Speaking from experience, from a balance perspective, 'undercover' sec officers are inherently vulnerable out of uniform. They're already relatively weak alone, but without armor and most of their weapons, they're pretty squishy. Security's entire strength is coordinated force in numbers. An undercover sec officer isn't going to be paling around with other conga lines of sec or even responding to calls.
When I play undercover sec, I usually have a holobadge with my ID scanned in my pocket, and otherwise dress as a civilian and only carry pepper spray, a baton, and a pair of cuffs. I blend in with the bridge hobos or slum around the halls, and my only major interaction with sec is quietly putting on my huds to set someone or relay information over sec comms about the location of known antags and such.
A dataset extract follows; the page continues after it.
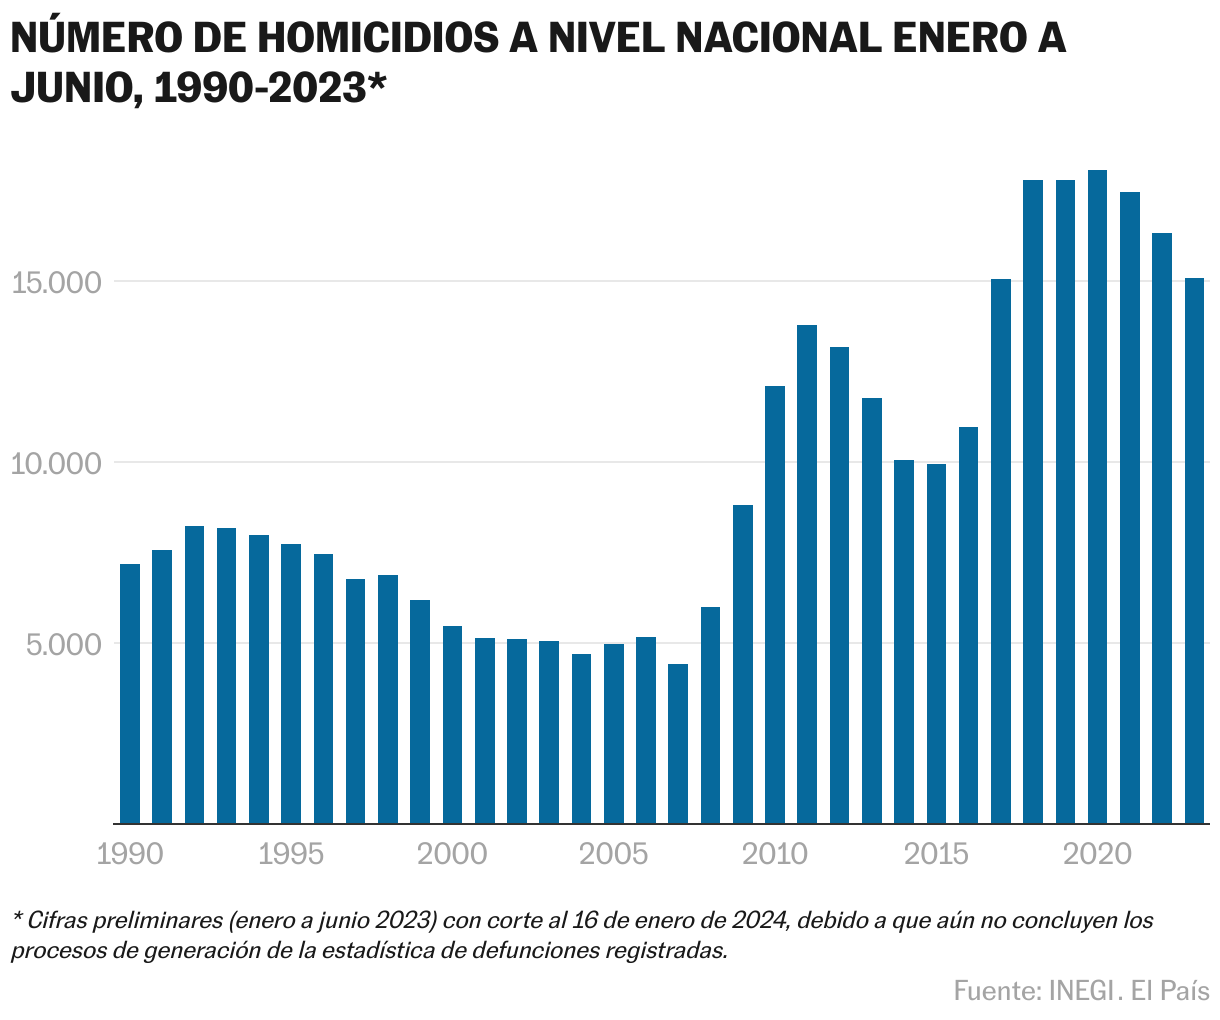 Número de homicidios a nivel nacional de enero a junio, 1990-2023 proporcionado por el INEGI

The only active arresting I do is if I spot people being shitheel tiders in my presence or someone calls it in near me, I don't concern myself with being part of the major hunts beyond a support role unless I'm physically dragged into it. I'm basically a mall cop.
I can see it being a problem if it starts getting popular and we have a lot of undercover sec players, but aside from myself, I've only ever seen the blueshield pretending to be part of the tide, which I think is honestly really cool and an interesting approach so long as they're still watching over command. All in all I think it adds to the sec/antag dynamic - it takes tidery somewhat off of the main sec team's plate so they can focus on actually working on antags, and that's one of the major reasons I'm taking a break from the server right now. it brings the balance back into what it's more supposed to be: sec vs. antags.